TASK TO COMPLETE
The copy should hold exactly the lines below from the one that contains "صور/ عشية العيد: اختناق" through the one that contains "Best Kitchen Gallery: Blonde" and nothing else, so no pictures.

DATASET EXTRACT
- - - - -
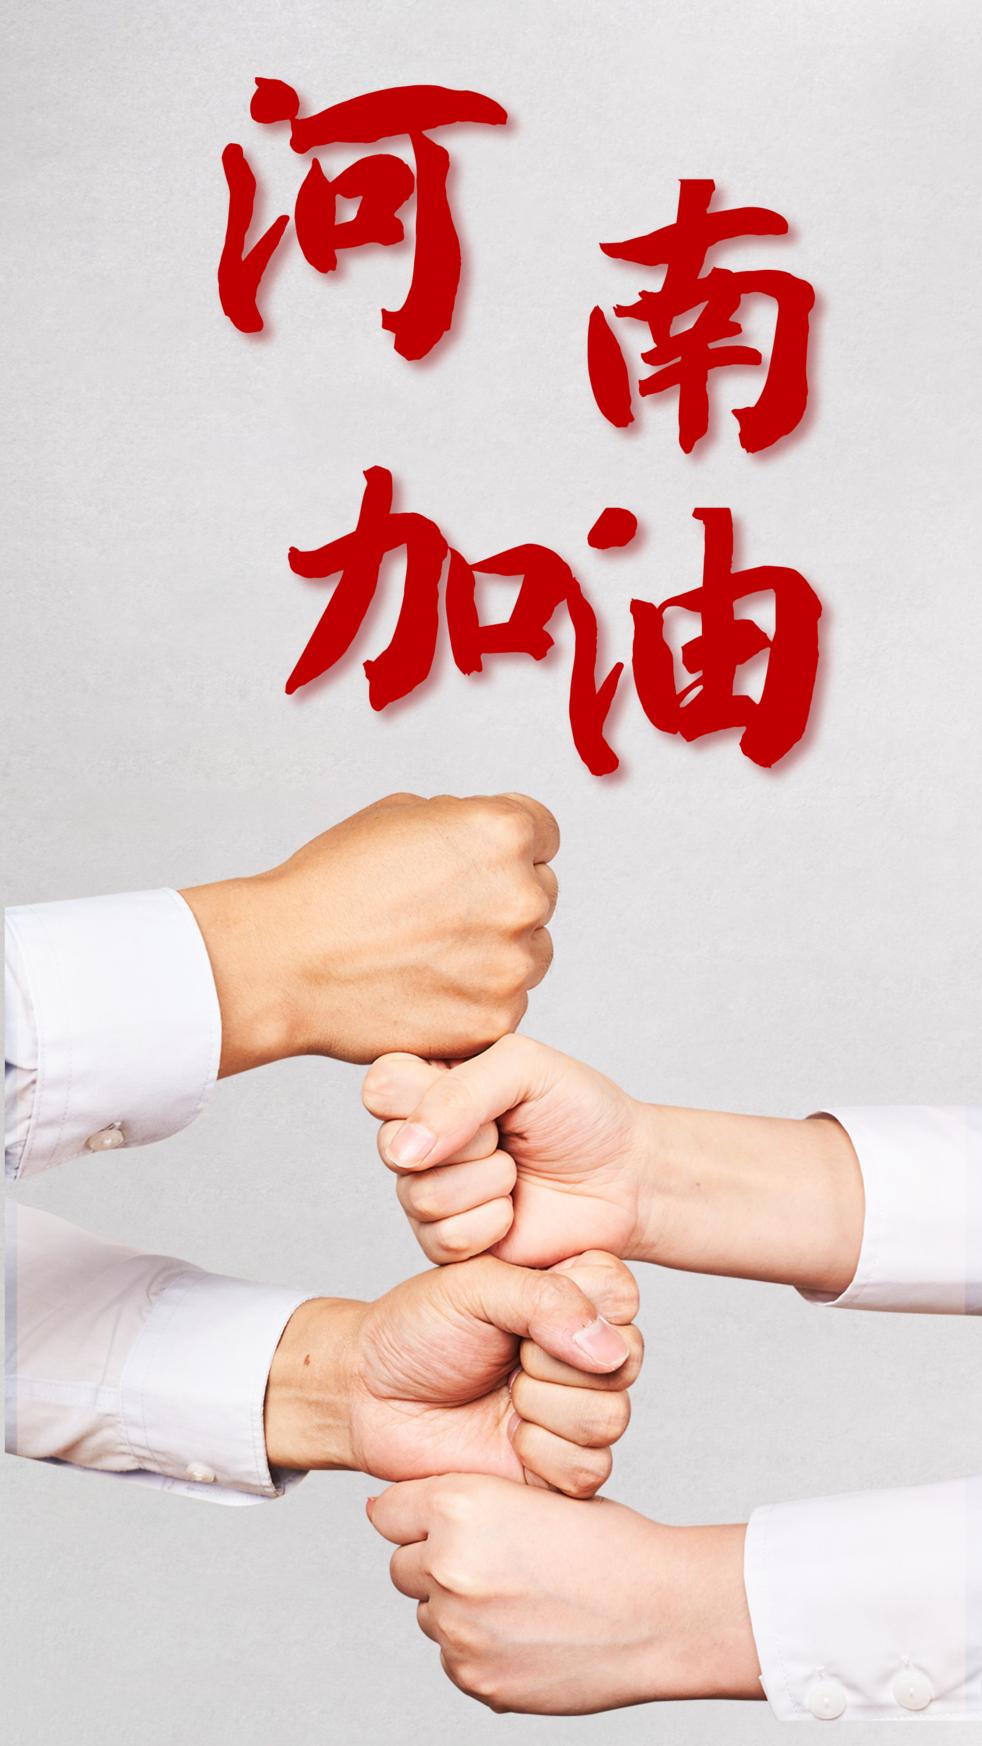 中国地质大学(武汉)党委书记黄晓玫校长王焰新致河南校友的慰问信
- - - - -
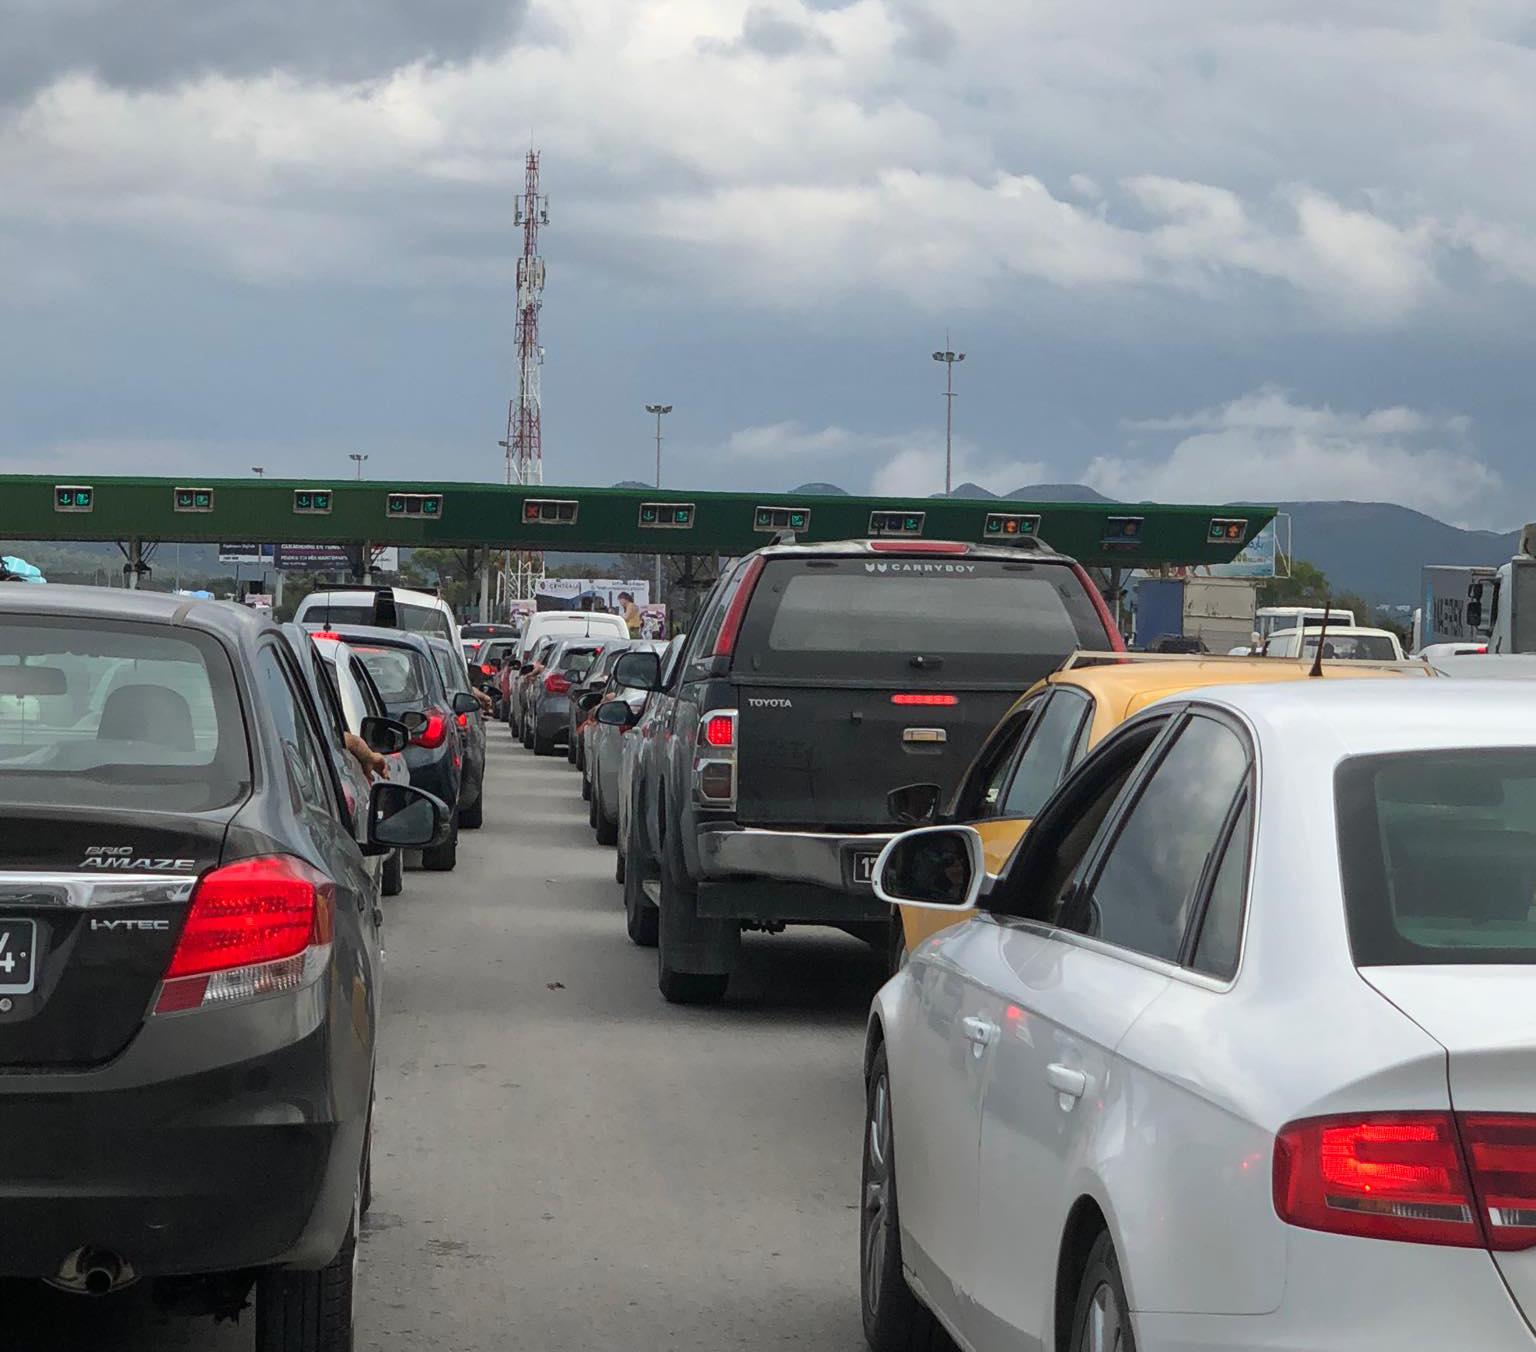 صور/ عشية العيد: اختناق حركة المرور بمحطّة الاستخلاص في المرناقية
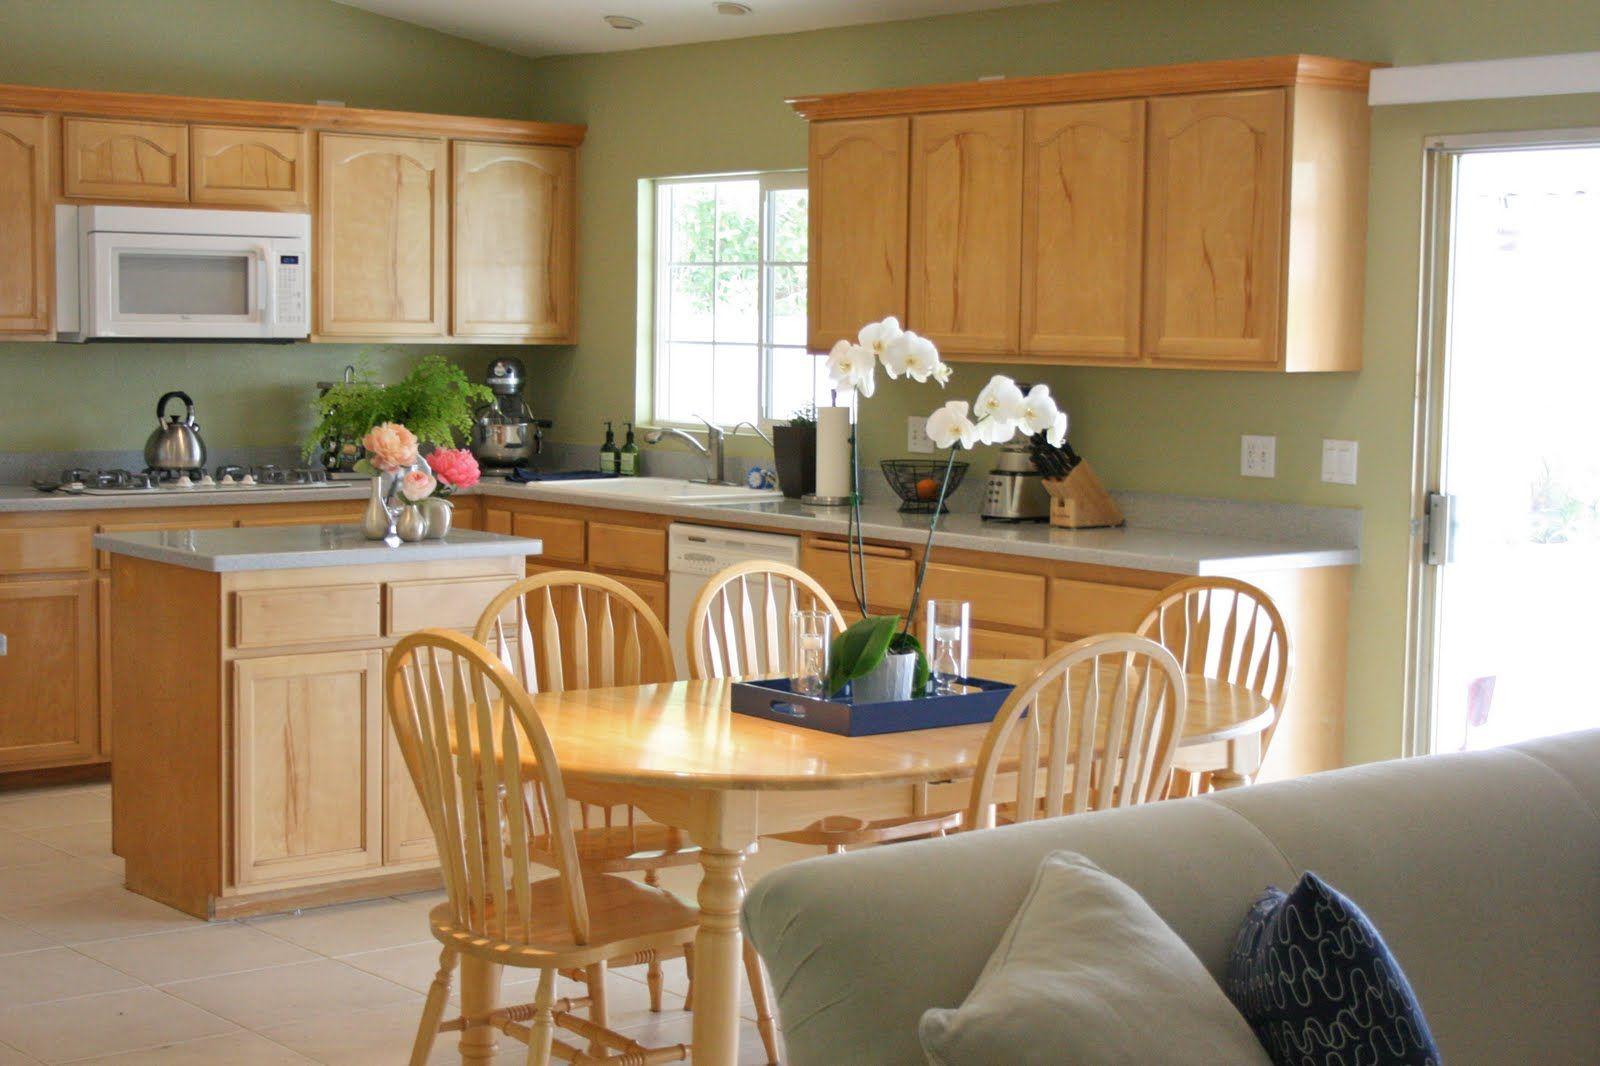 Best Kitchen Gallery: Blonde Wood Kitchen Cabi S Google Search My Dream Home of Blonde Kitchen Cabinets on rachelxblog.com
- - - - -
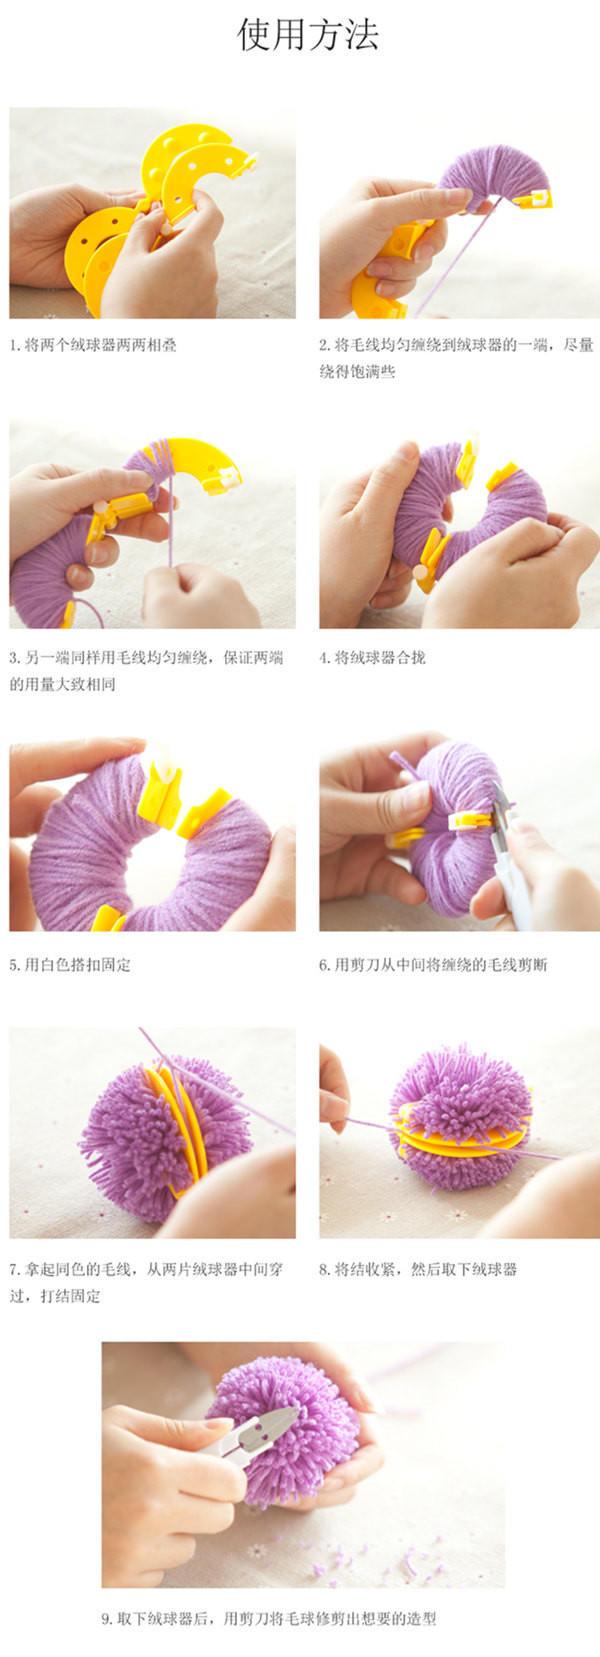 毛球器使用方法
- - - - -
SOLUTION BELOW
 صور/ عشية العيد: اختناق حركة المرور بمحطّة الاستخلاص في المرناقية
 Best Kitchen Gallery: Blonde Wood Kitchen Cabi S Google Search My Dream Home of Blonde Kitchen Cabinets on rachelxblog.com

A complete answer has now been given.